Rarely used option to fold sequences from the artificial ABCD... alphabet, where A pairs B, C-D
etc. Use the energy parameters for GC (-e 1) or AU (-e 2) pairs.
--helical-rise=FLOAT
Set the helical rise of the helix in units of Angstrom.
(default=`2.8')
Use with caution! This value will be re-set automatically to 3.4 in case DNA parameters are loaded
via -P DNA and no further value is provided.
--backbone-length=FLOAT
Set the average backbone length for looped regions in units of Angstrom.
(default=`6.0')
Use with caution! This value will be re-set automatically to 6.76 in case DNA parameters are
loaded via -P DNA and no further value is provided.
Plotting:
Command line options for changing the default behavior of structure layout and pairing probability
plots
--color
Produce a colored version of the consensus structure plot "alirna.ps" (default b&w only)
(default=off)
--aln Produce a colored and structure annotated alignment in PostScript format in the file "aln.ps" in
the current directory.
(default=off)
--aln-EPS-cols=INT
Number of columns in colored EPS alignment output.
(default=`60')
A value less than 1 indicates that the output should not be wrapped at all.
--aln-stk[=prefix]
Create a multi-Stockholm formatted output file. (default=`RNAalifold_results')

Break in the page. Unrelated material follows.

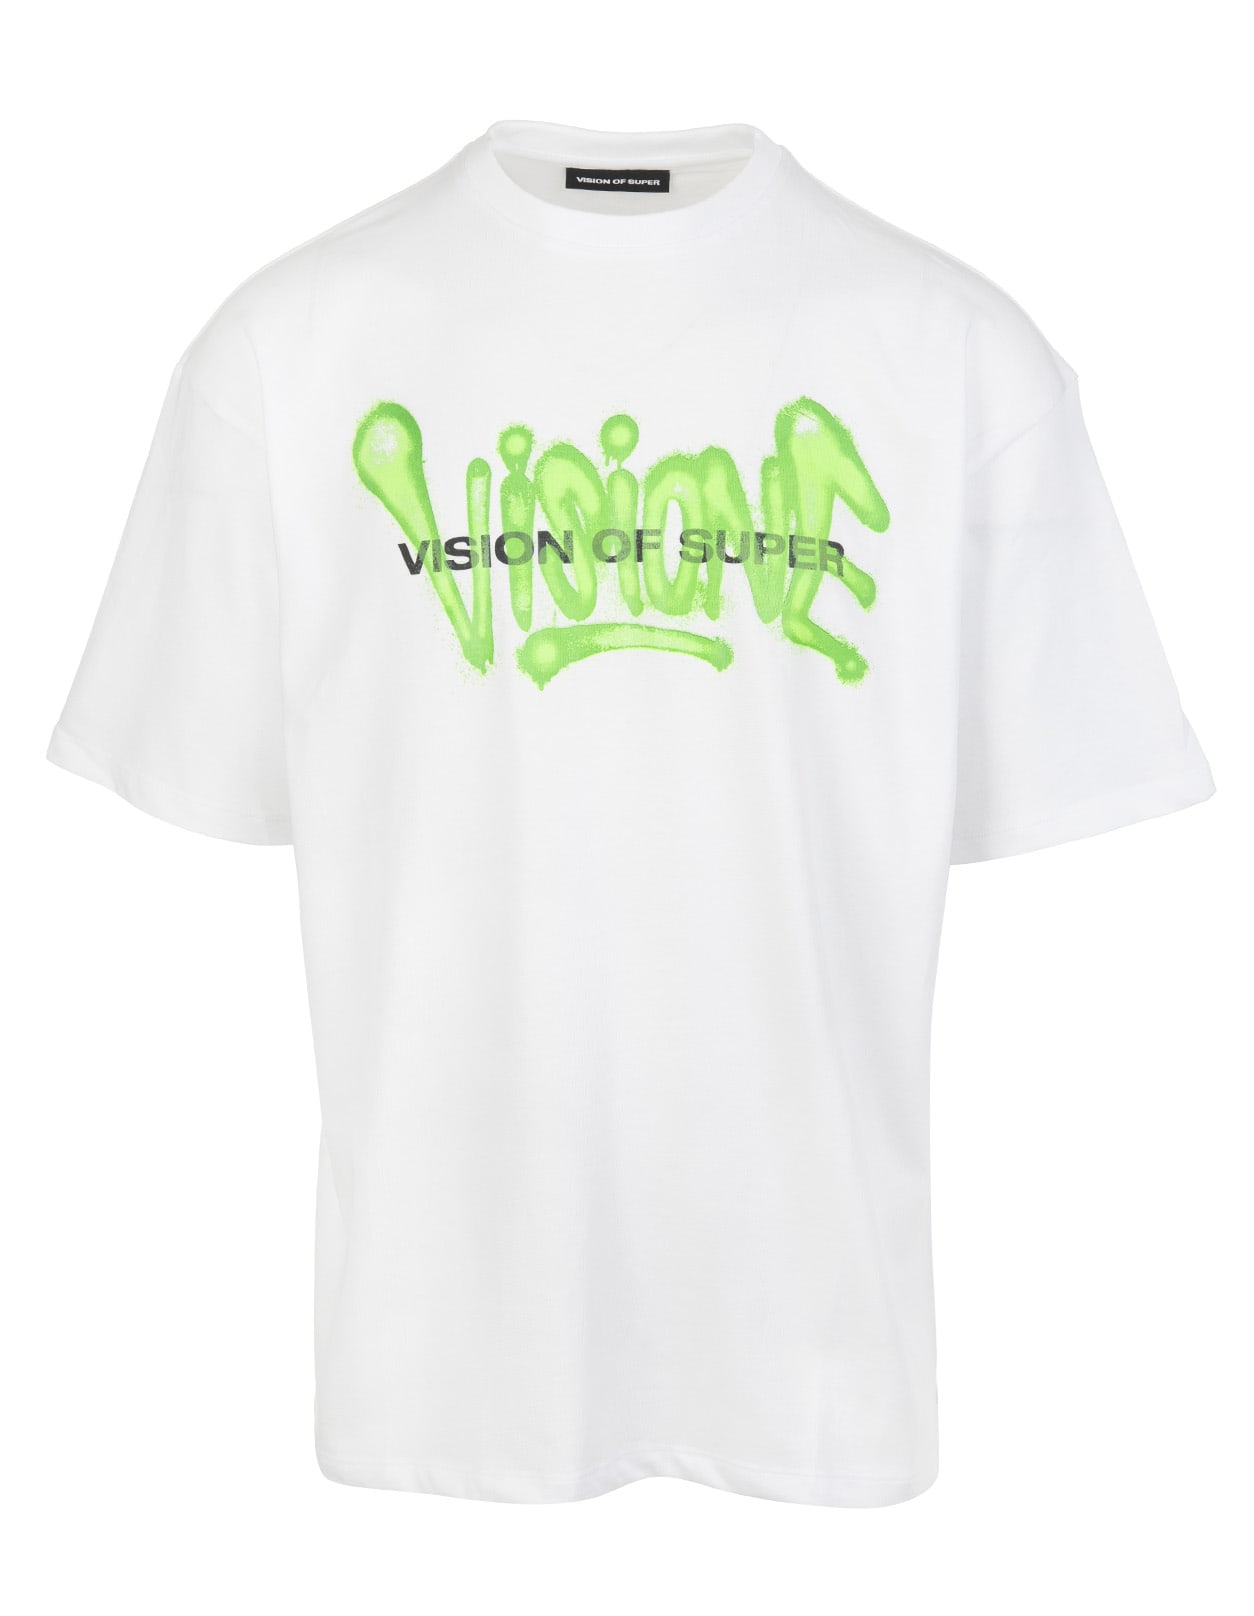 Vision of Super White And Green visione Man T-shirt

The default file name used for the output is "RNAalifold_results.stk". Users may change the
filename to "prefix.stk" by specifying the prefix as optional argument. The file will be create in
the current directory if it does not already exist. In case the file already exists, output will
be appended to it. Note: Any special characters in the filename will be replaced by the filename
delimiter, hence there is no way to pass an entire directory path through this option yet. (See
also the "--filename-delim" parameter)
--noPS Do not produce postscript drawing of the mfe structure.
(default=off)
--noDP Do not produce dot-plot postscript file containing base pair or stack probabilitities.
(default=off)
In combination with the -p option, this flag turns-off creation of individual dot-plot files.
Consequently, computed base pair probability output is omitted but centroid and MEA structure
prediction is still performed.
-t, --layout-type=INT
Choose the layout algorithm. (default=`1')
Select the layout algorithm that computes the nucleotide coordinates. Currently, the following
algorithms are available:
'0': simple radial layout
'1': Naview layout (Bruccoleri et al. 1988)
'2': circular layout
'3': RNAturtle (Wiegreffe et al. 2018)
'4': RNApuzzler (Wiegreffe et al. 2018)
Caveats:
Sequences are not weighted. If possible, do not mix very similar and dissimilar sequences. Duplicate
sequences, for example, can distort the prediction.